Given a validation dataset (such as [COCO val2017 data](http://images.cocodataset.org/zips/val2017.zip)) and ground truth annotations (such as [COCO instances_val2017.json](http://images.cocodataset.org/annotations/annotations_trainval2017.zip)), you can get the mAP metrics for the built TensorRT engine. This will use the mAP metrics calculation script from the AutoML EfficientDet repository on `https://github.com/google/automl`.

```
python eval_coco.py \
    --engine /path/to/engine.trt \
    --input /path/to/coco/val2017 \
    --annotations /path/to/coco/annotations/instances_val2017.json \
    --automl_path /path/to/automl
```

Where the `--automl_path` argument points to the root of the AutoML repository.

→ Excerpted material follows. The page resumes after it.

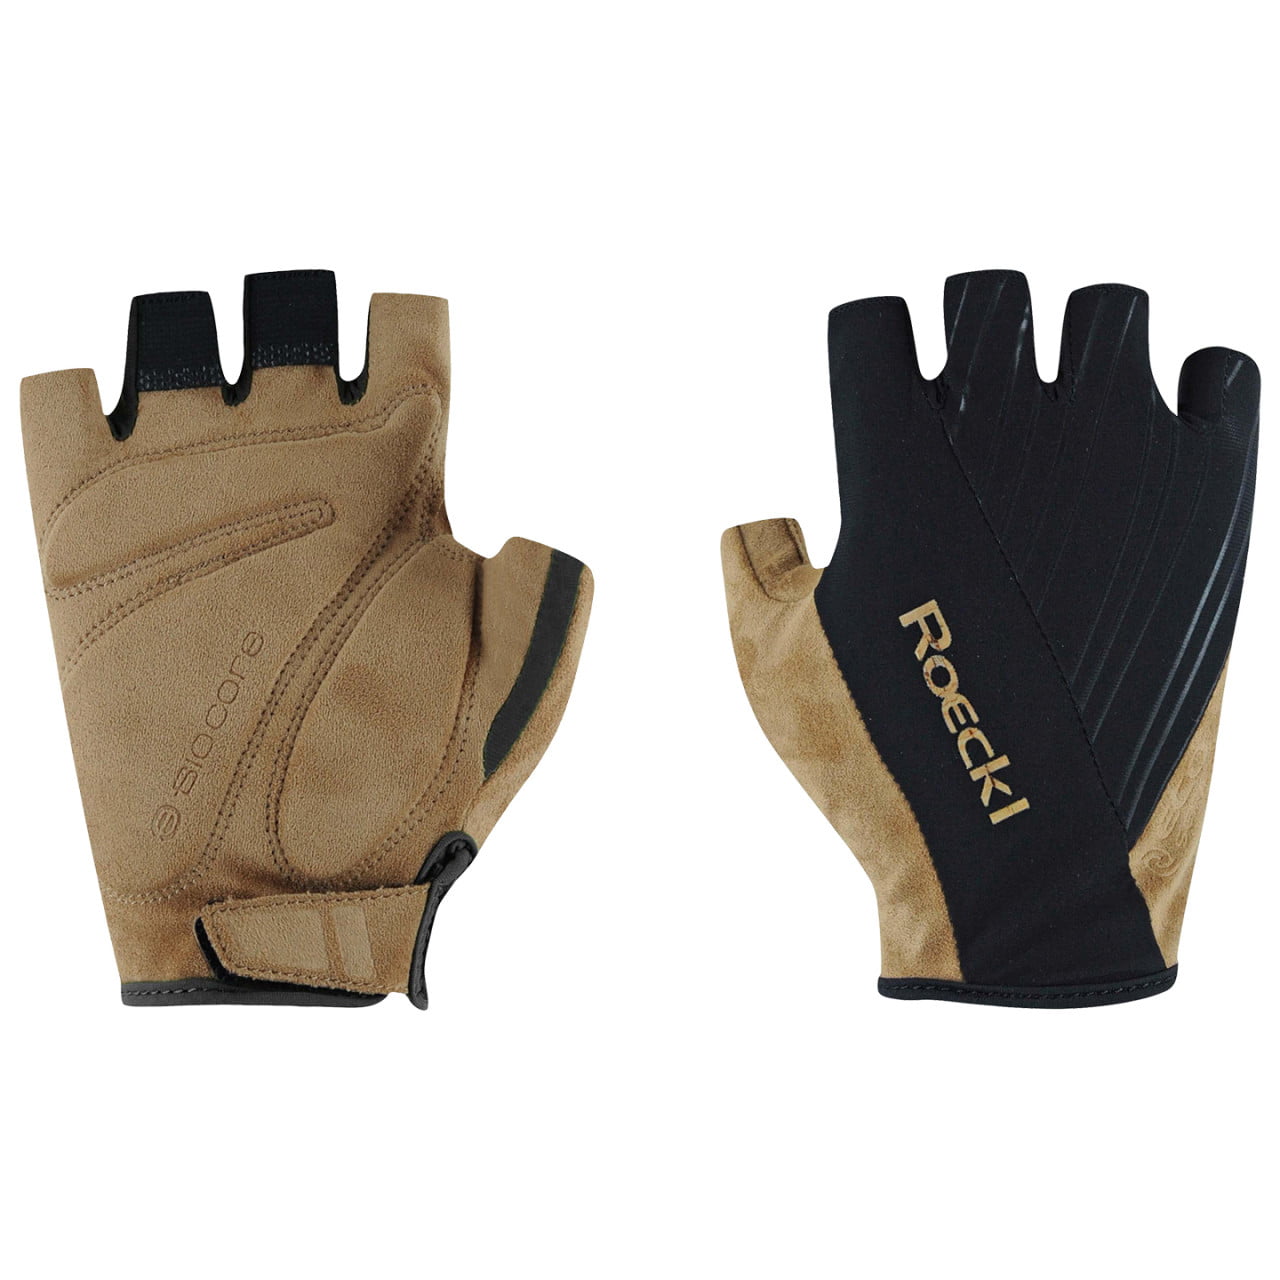 Isone MTB Gloves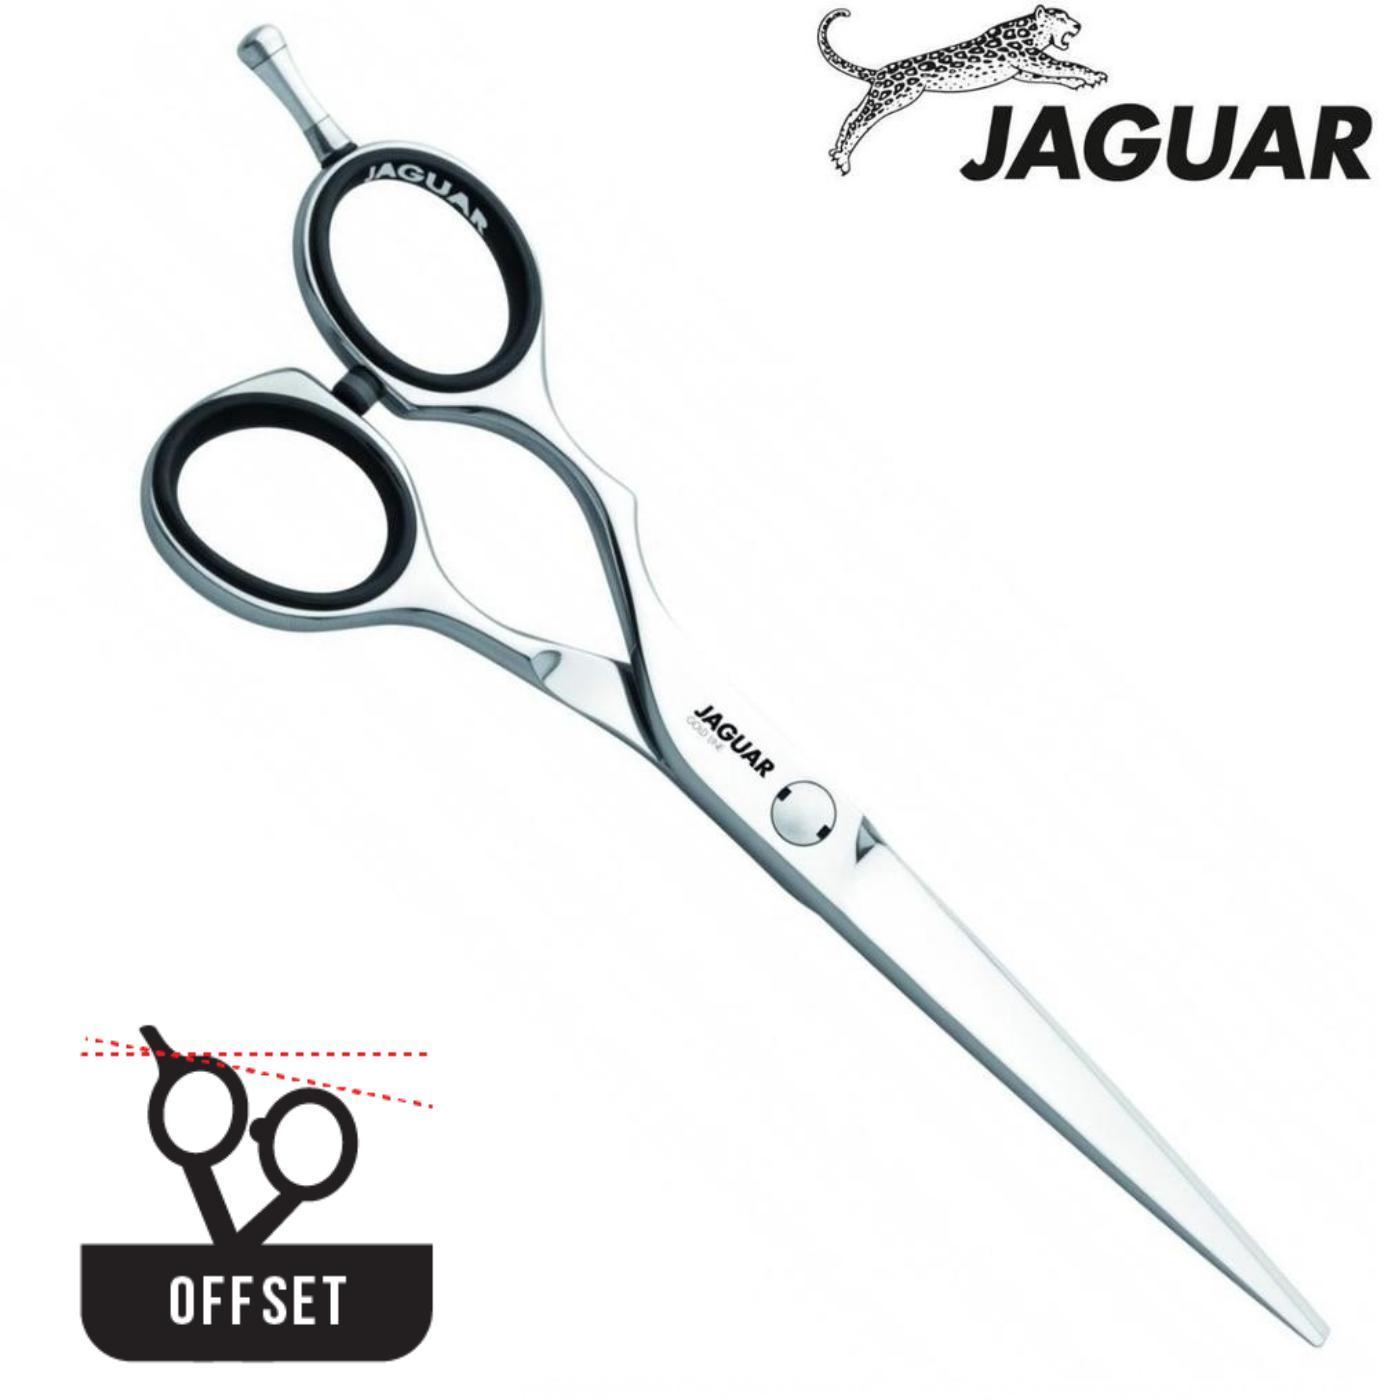 Jaguar Hairdressing Shears - Japan Scissors USA

**NOTE:** mAP metrics are highly sensitive to NMS threshold. Using a high threshold will obviously reduce the mAP value. Ideally, this should run with a threshold of 0.00 or 0.01, but such a low threshold will impact the runtime performance of the EfficientNMS plugin. So you may need to build separate TensorRT engines for different purposes, one with a low threshold (like 0.01) dedicated for validation, and one with your application specific threshold (like 0.4) for deployment inference to minimimze latency. This is why we keep the NMS threshold as a configurable parameter in the TensorRT conversion script.